A estrutura possui um papel importante no desassoreamento do canal e no benefício da navegação na região, tornando o fluxo de barcos mais seguro e melhorando o acesso de turistas a locais como a Ilha do Mel, em Paranaguá. O projeto é feito com um investimento do Governo do Estado de R$ 9,4 milhões e contrapartida municipal de R$ 496 mil.

Entre outros benefícios, o projeto prevê nova cota de coroamento para evitar galgamentos (quando a água do rio invade a estrutura de contenção), ampliação da largura para passagem de maquinário, ajuste dos taludes, alteração no comprimento e implementação de headland. No processo, foram aplicados 40.399,49 metros cúbicos de pedras, o equivalente a 60.599,235 toneladas transportadas por 2.395 caminhões. A proposta contempla ainda a instalação de sinalização náutica e a construção de uma passarela de 150 metros sobre o molhe. 

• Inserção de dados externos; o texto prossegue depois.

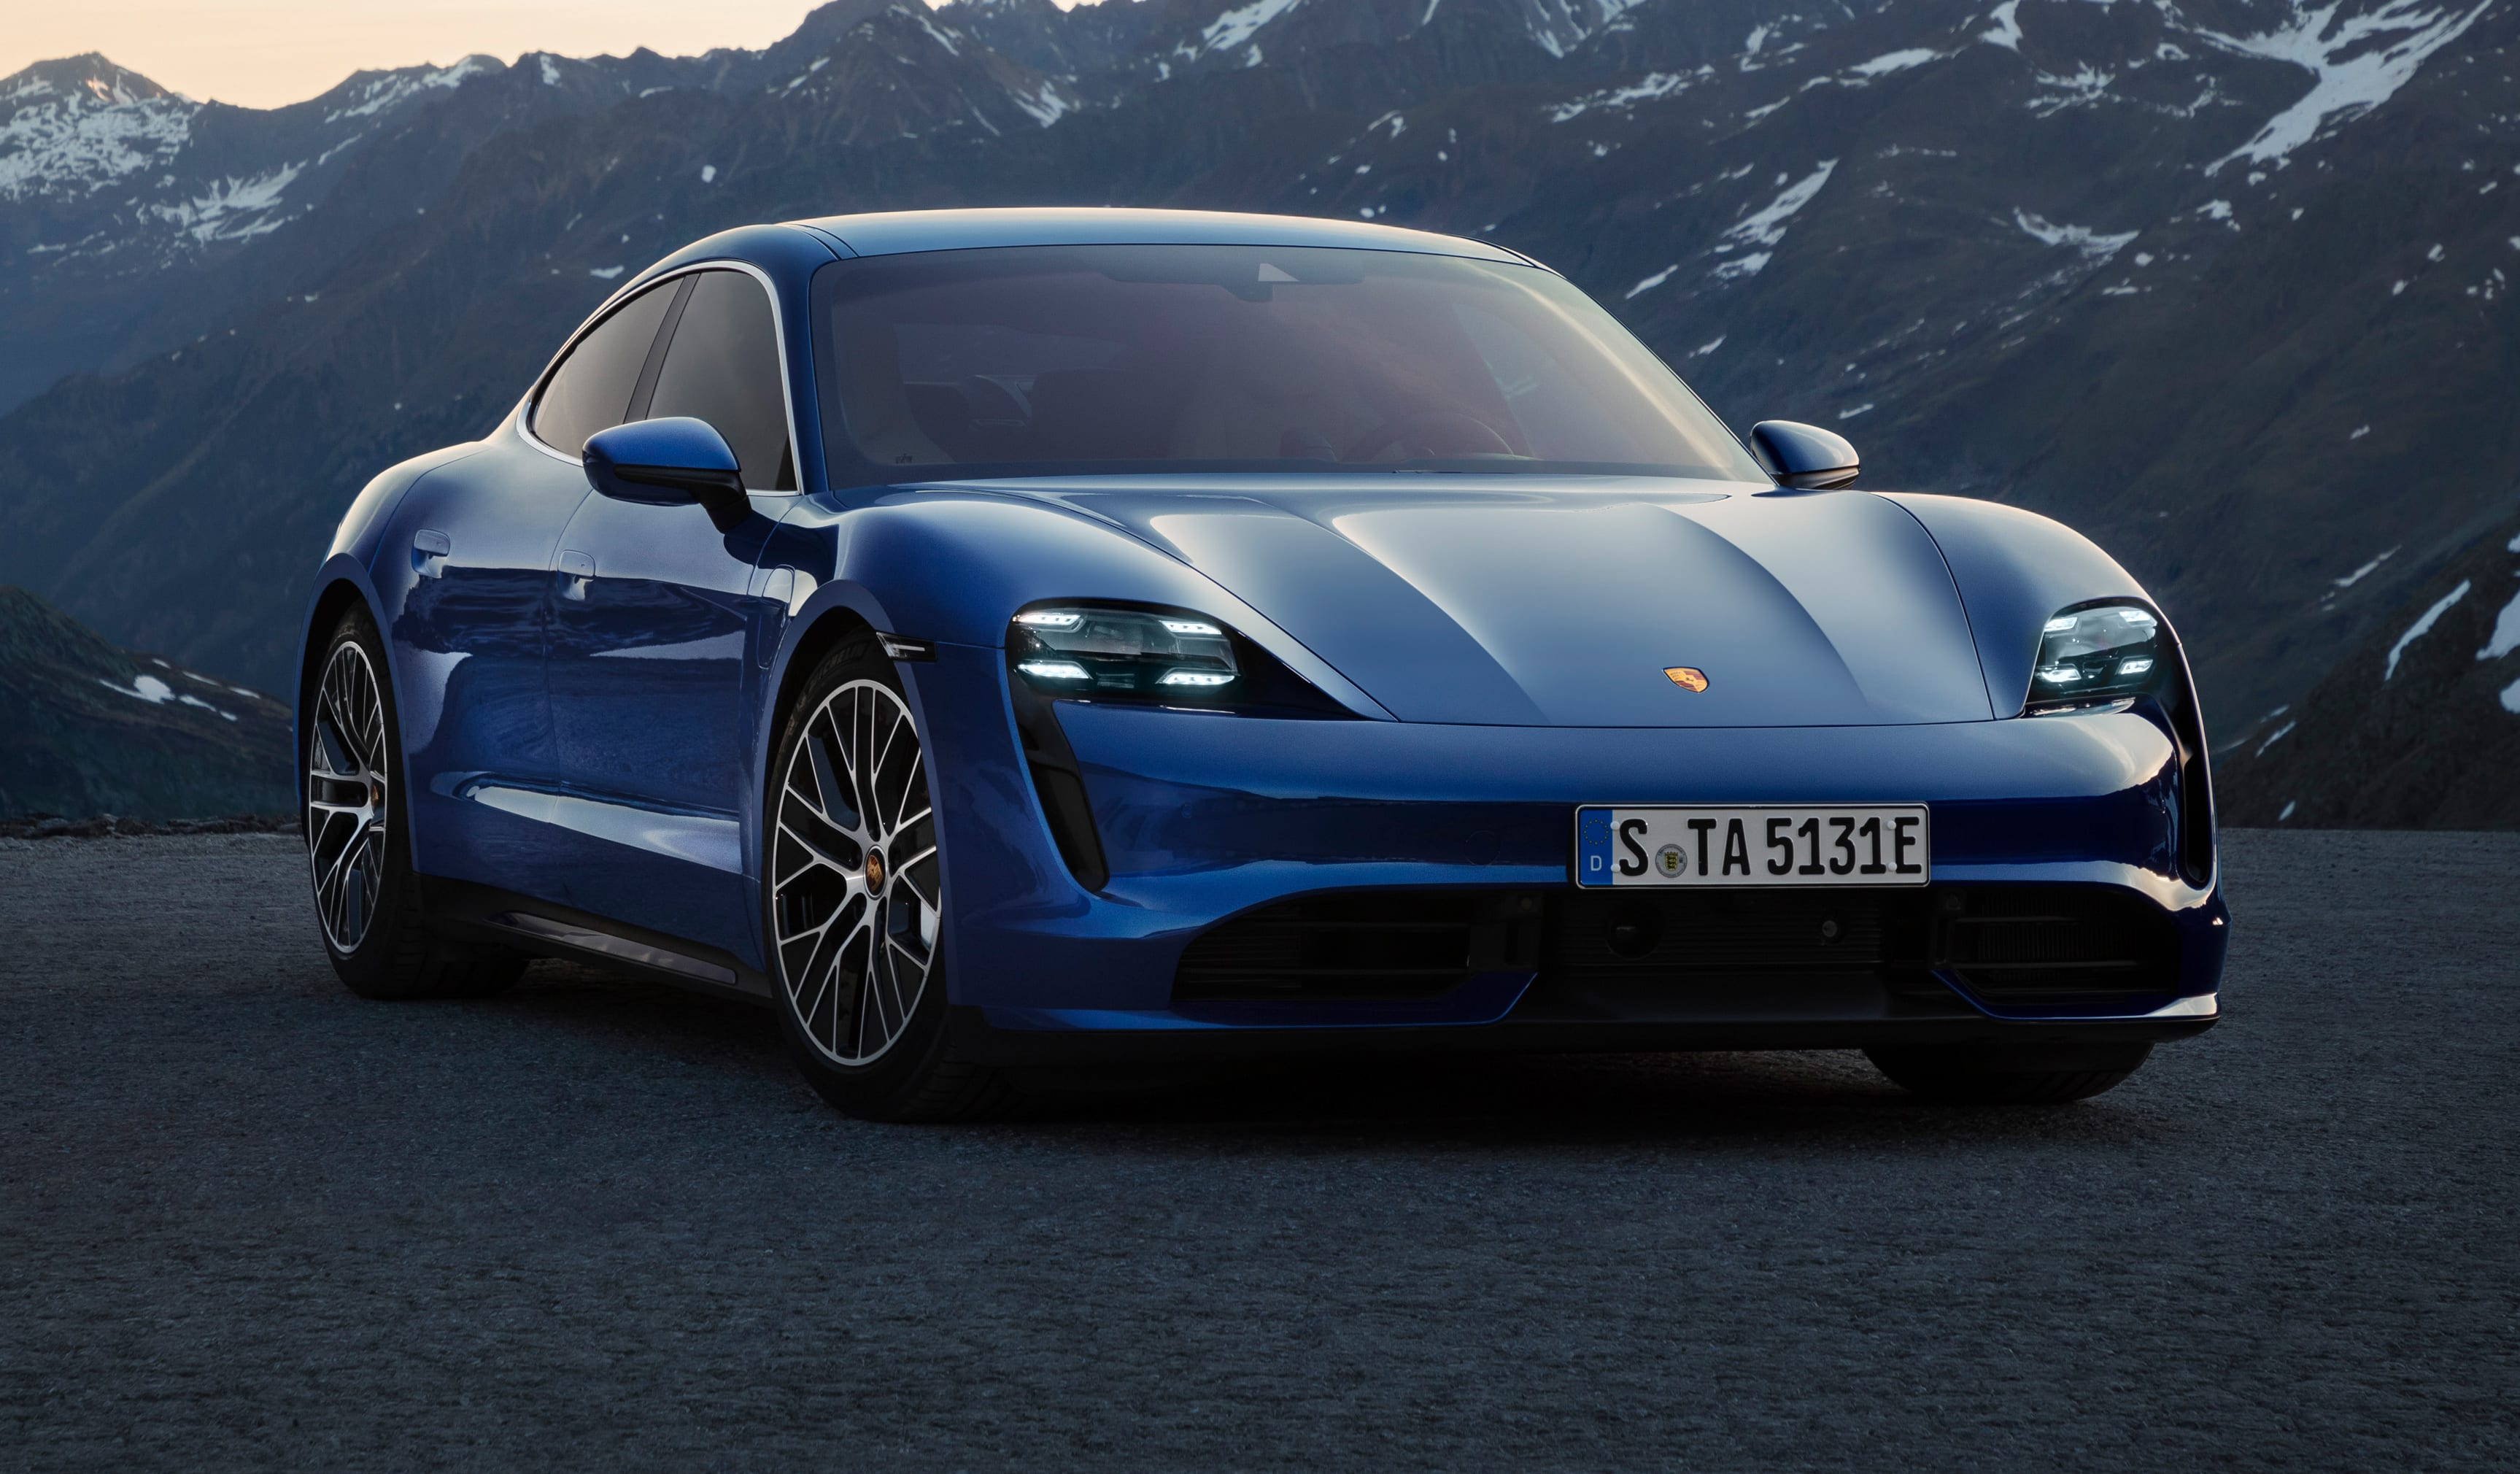 Epa Reports Lower Range For Porsche Taycan Turbo Caradvice

“Essas obras são fundamentais para conter a erosão naquela área, já que as estruturas dissipam a energia das ondas e ajudam a manter um fluxo contínuo de saída do canal de drenagem DNOS em direção ao mar. Vai garantir também, aliado às estruturas que protegem a orla de Pontal do Paraná, o funcionamento do novo sistema de drenagem da região”, explica o engenheiro civil da diretoria de Saneamento Ambiental e Recursos Hídricos do Instituto Água e Terra (IAT), Roberto Machado Correa. O órgão é a entidade do Estado responsável pelo acompanhamento das obras.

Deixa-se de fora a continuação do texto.